Your answer must be the exact lines from the one with "VG033 Lemo Grass-RM1.00 per 50g+.jpg" to the end of the data, both included, with no pictures.

(The data Opens)

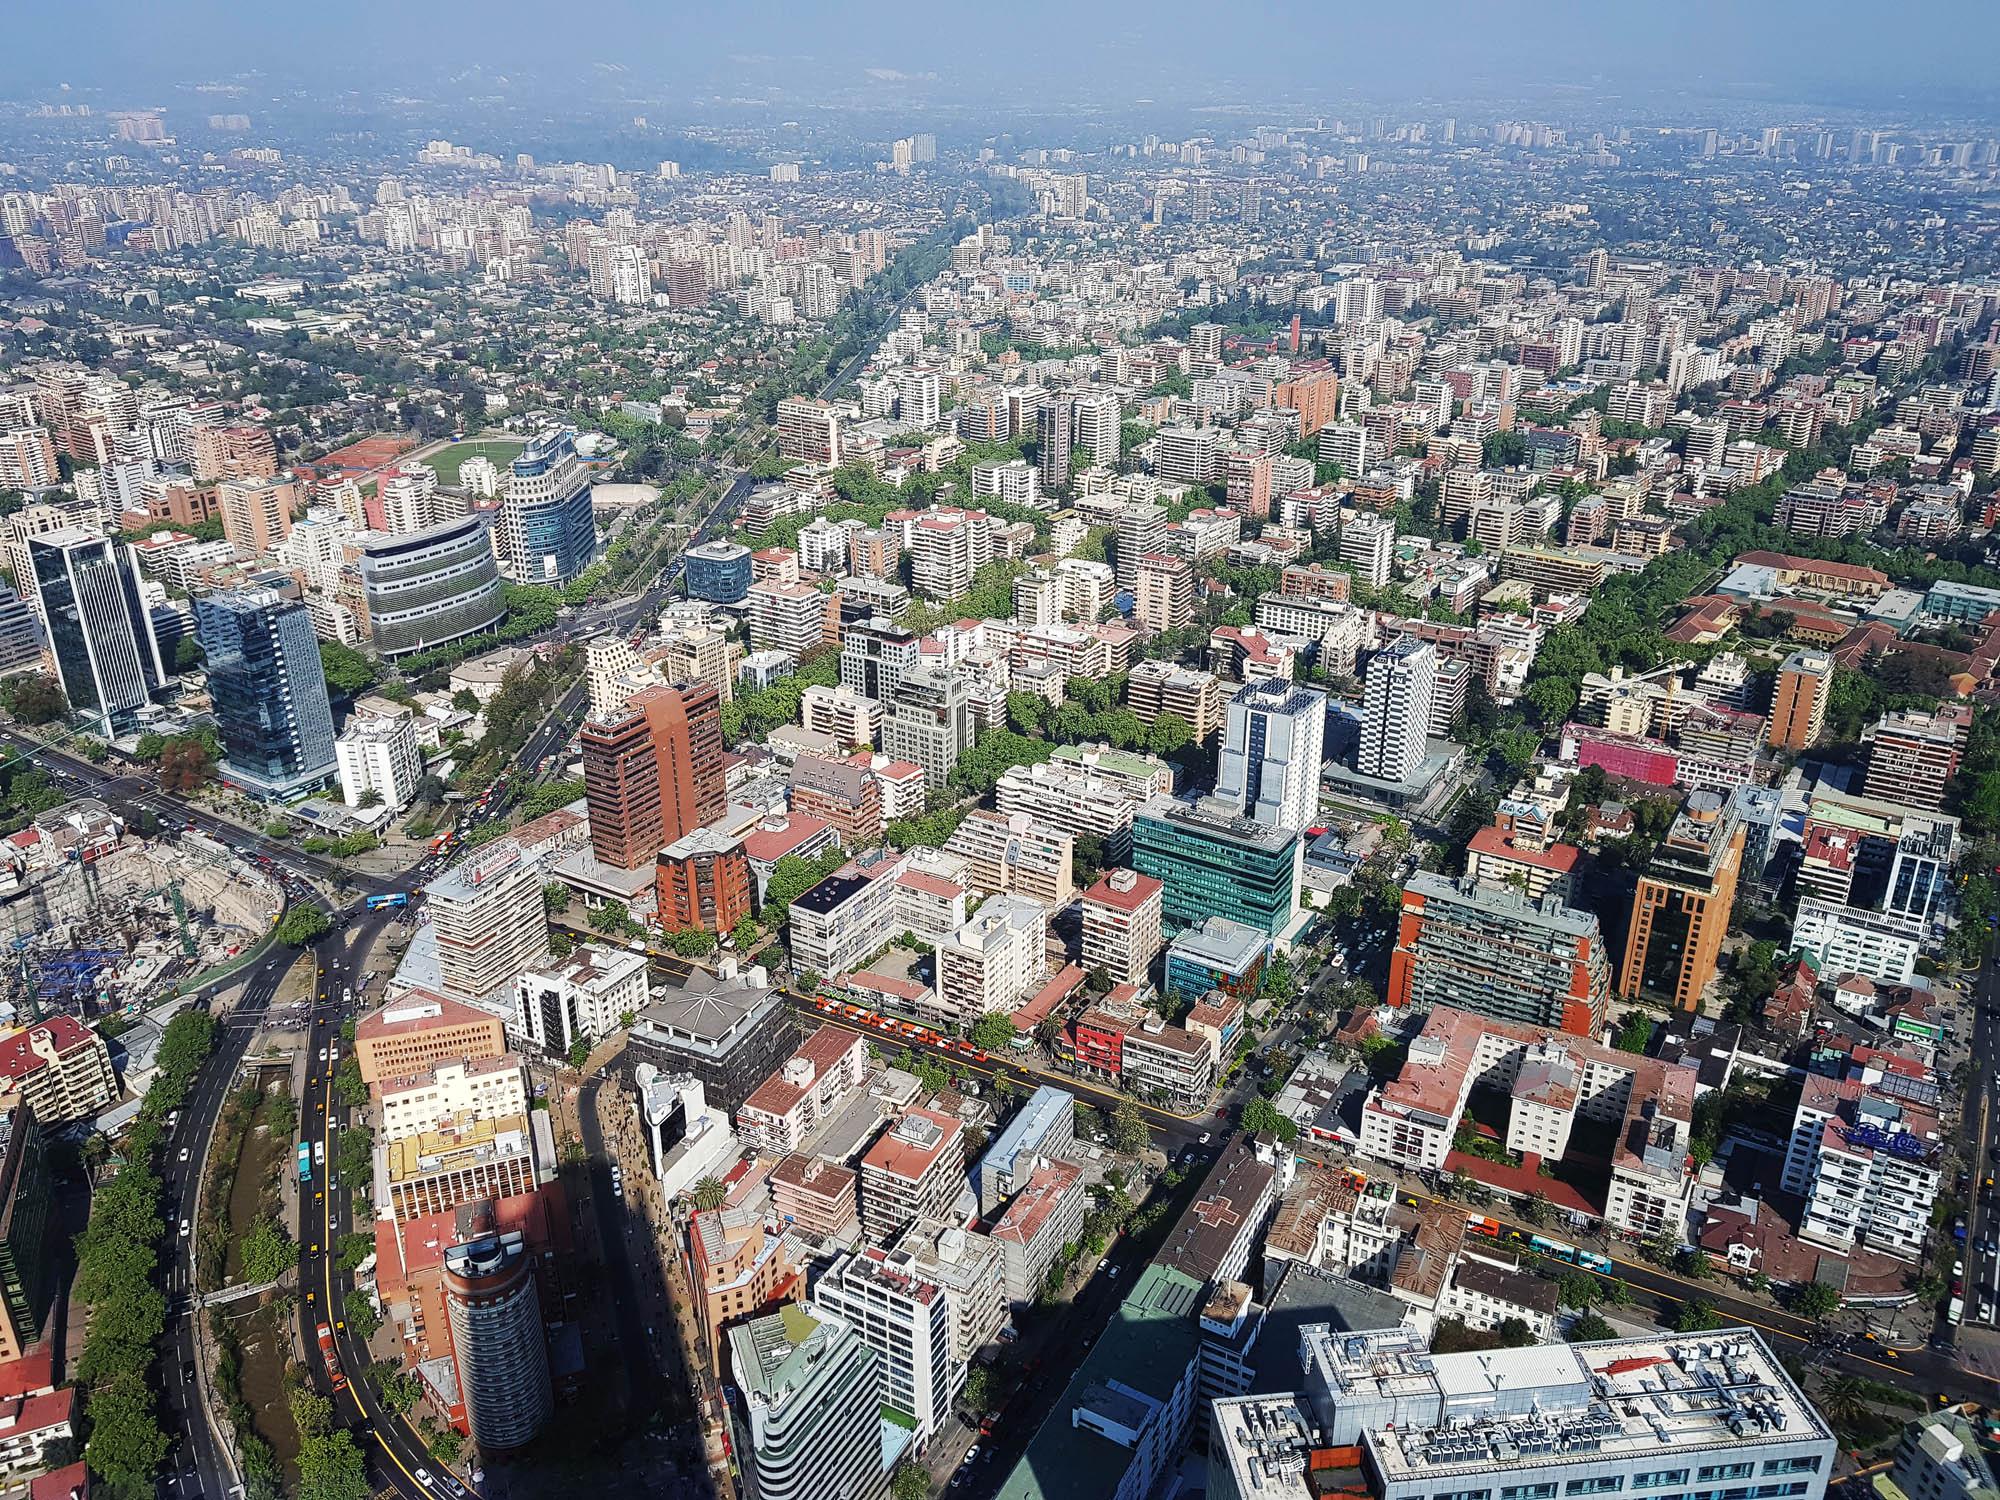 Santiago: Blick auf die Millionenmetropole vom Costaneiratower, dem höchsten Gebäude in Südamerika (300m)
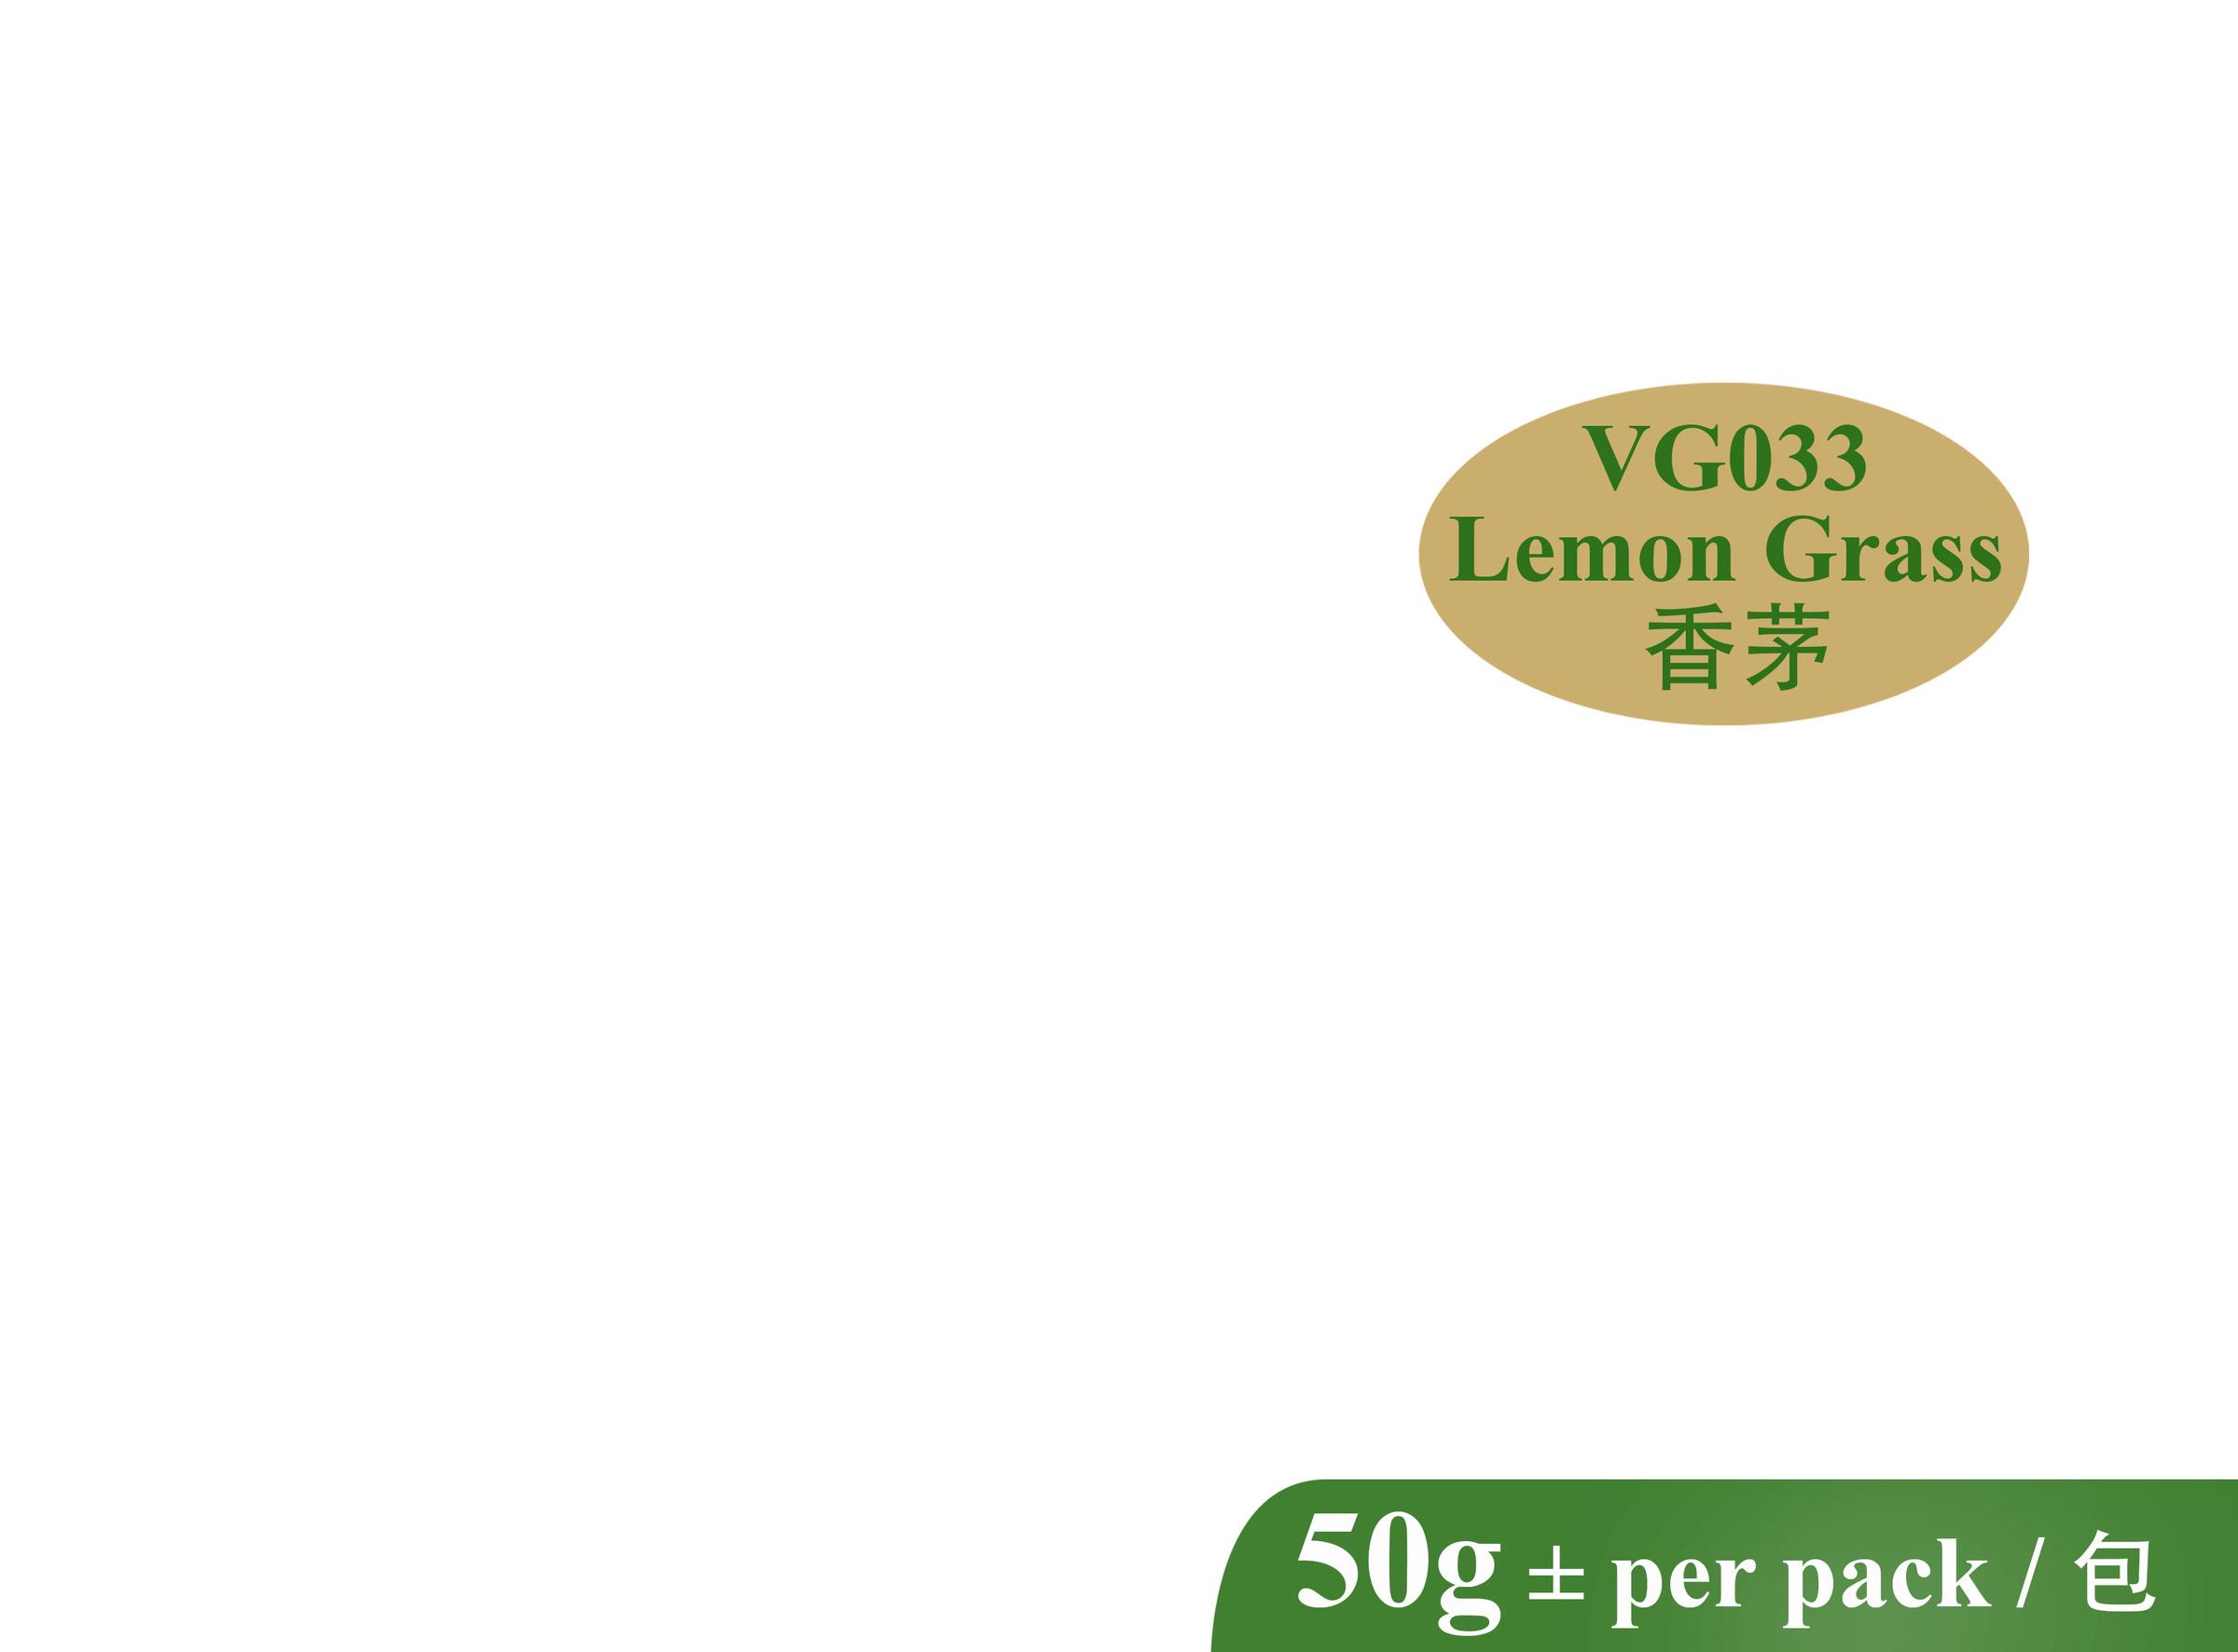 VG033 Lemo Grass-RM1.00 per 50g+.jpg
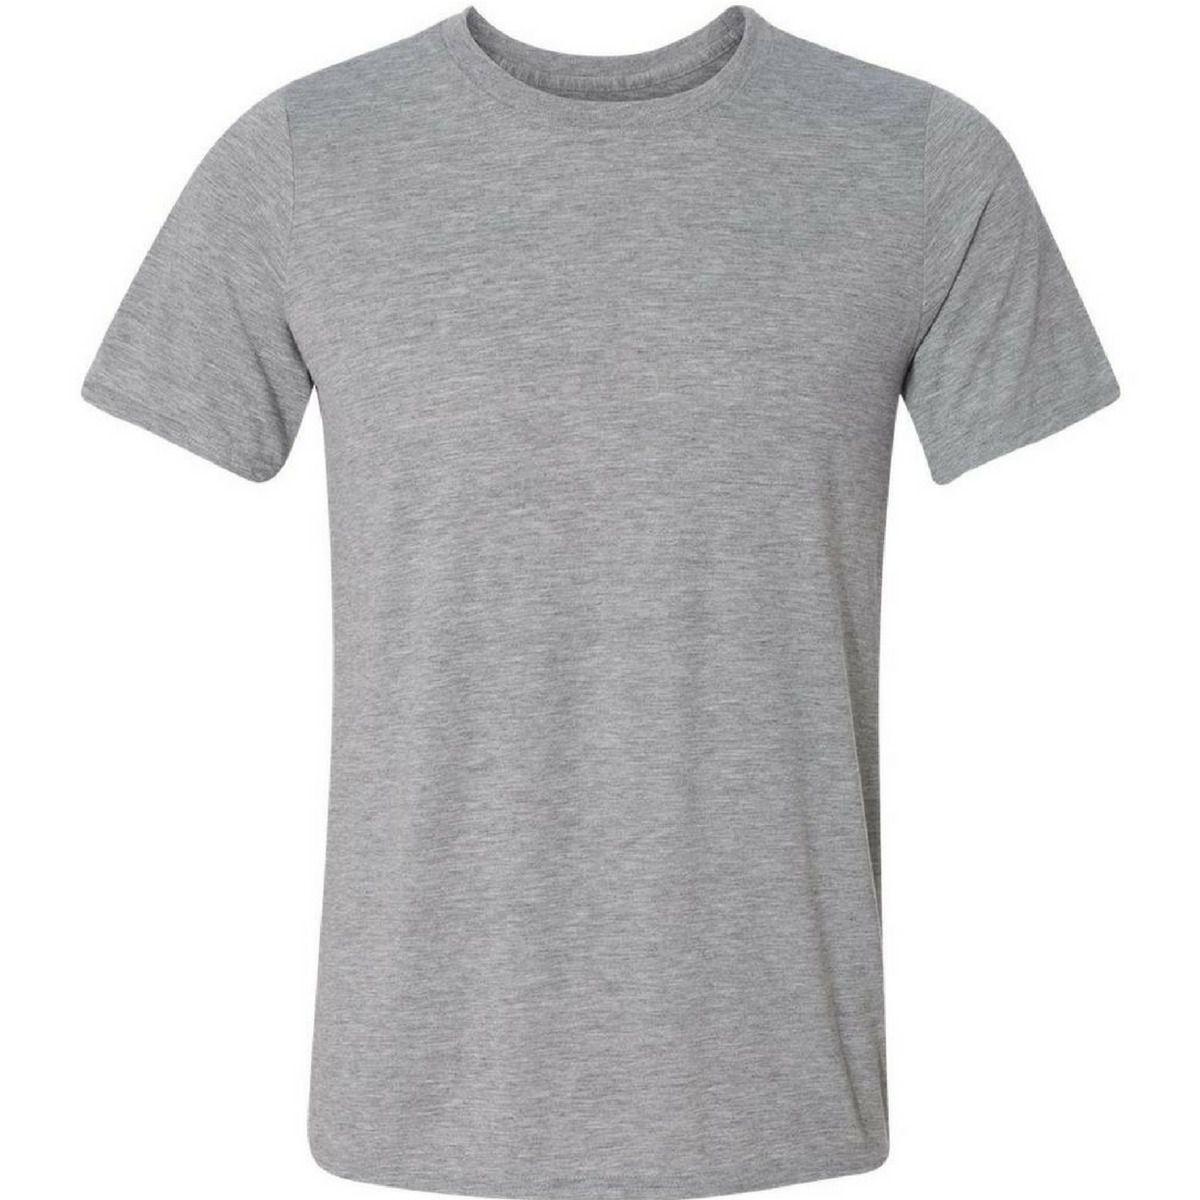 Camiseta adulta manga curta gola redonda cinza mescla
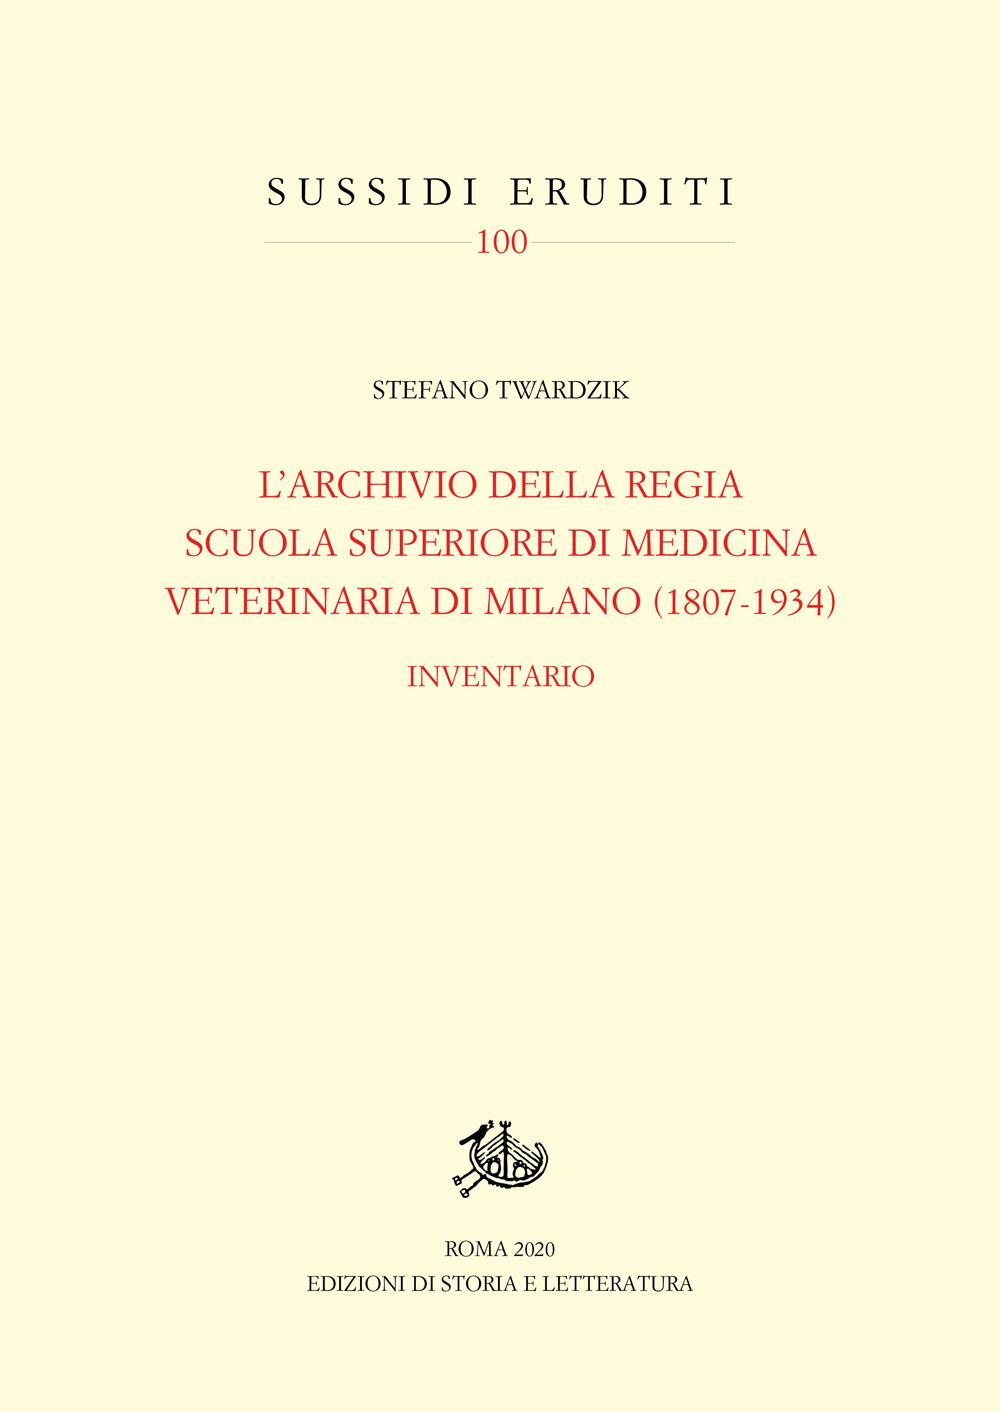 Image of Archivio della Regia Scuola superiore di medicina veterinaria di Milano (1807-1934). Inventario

(The data Closes)

▸ Result for this exercise:
 VG033 Lemo Grass-RM1.00 per 50g+.jpg
 Camiseta adulta manga curta gola redonda cinza mescla
 Image of Archivio della Regia Scuola superiore di medicina veterinaria di Milano (1807-1934). Inventario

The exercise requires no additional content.